Ча-ча-ча Тито

Существует множество свидетельств о том, когда появился стиль ча-ча-ча, по крайней мере, в Нью-Йорке. Еще до того, как ча-ча-ча стала популярной, Тито часто бывал на Кубе, и в одну из своих поездок (вероятно, еще в 1950 году) он услышал там “Оркестр Америка”. У него были ноты Энрике Хоррина – в 1952 году гаванские радиостанции транслировали композиции, которые он назвал “новой музыкой”.

Ча-ча-ча Америки

В 1954 году Тито записал уйму ча-ча-ча, которые потихоньку предлагал на суд танцорам “Палладиума”, и в то же самое время оркестр “Америка” записывал десятки ча-ча-ча в Гаване. Вскоре это превратилось в новое повальное увлечение. В составе оркестра “Америка” играли Энрике Хоррин и Антонио Санчес на скрипках, и Алекс Соса на фортепиано. Соса уехал в Мексику с Мондехаром и реформированным оркестром “Америка”, а затем, в 1960 году, осел в Калифорнии.

Оркестр “Америка”

Хоррин представил свою новую ча-ча-ча «La Engañadora» (“Обманщица”) кубинским танцорам в 1949 году.
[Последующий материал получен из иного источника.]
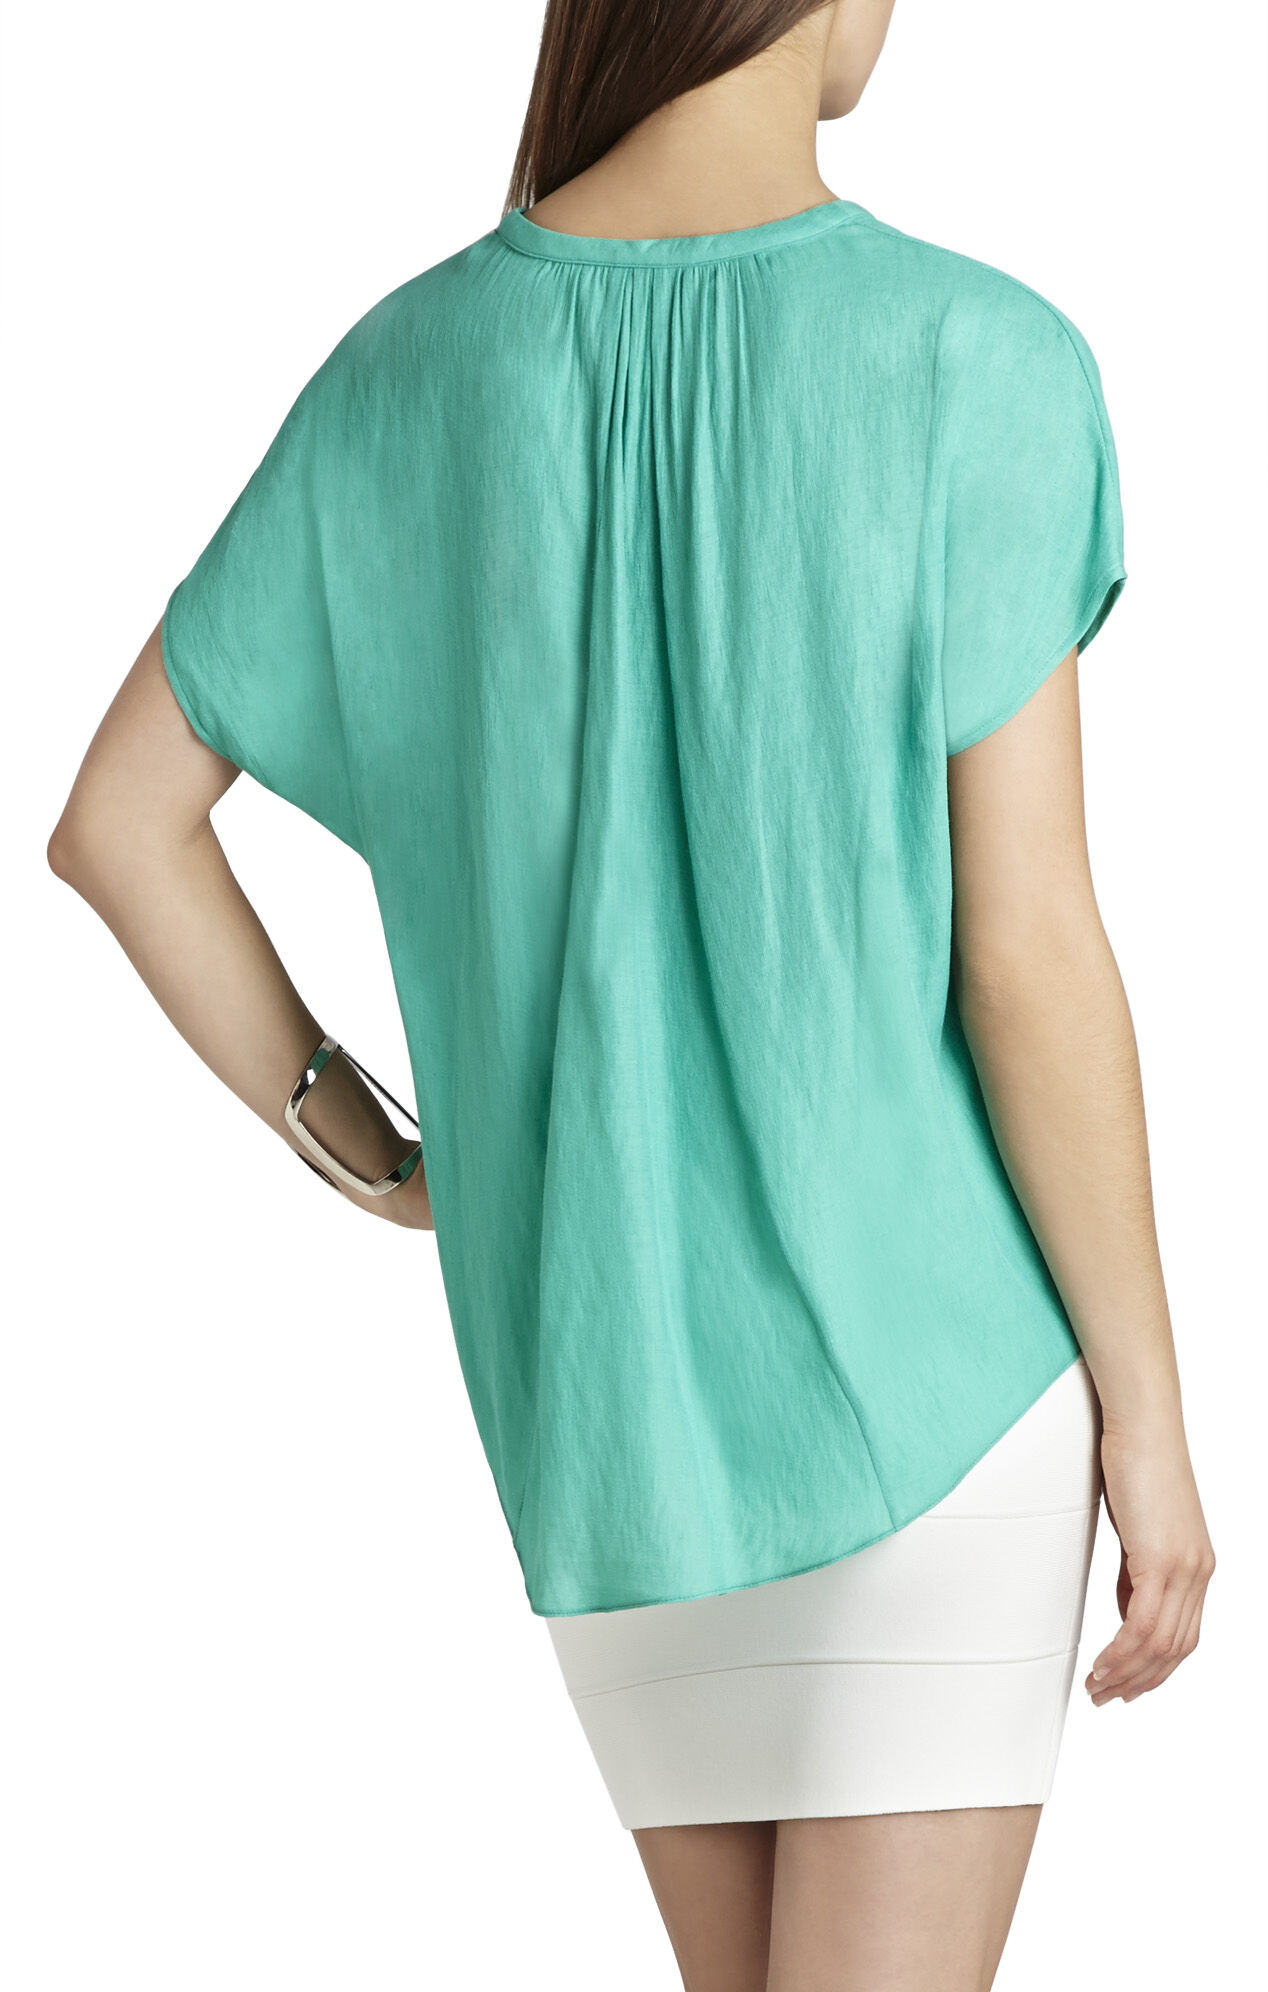 Ayanna Oversized ScarfShirt

Тогда он играл с оркестром “Америка”.

По словам самого Хоррина, шарканье обуви танцоров о пол напоминал звук “ча-ча-ча”, когда те пытались обыграть новый ритм. Сначала его называли просто “мамбо-румба”, при этом Хоррин совершенно не имел в виду популярную в США румбу 30-х годов. Напротив, он имел в виду именно афро-кубинскую румбу. В 1952 году он сочинил свою последнюю чачу: “Silver Star” (“Серебряная звезда”)[ref]Надо отметить, что “Серебряная звезда” – дансон с частью “nuevo ritmo”, под которую танцевали чачу, и в которой коро поет “Cha cha cha es un baile sin igual”[/ref].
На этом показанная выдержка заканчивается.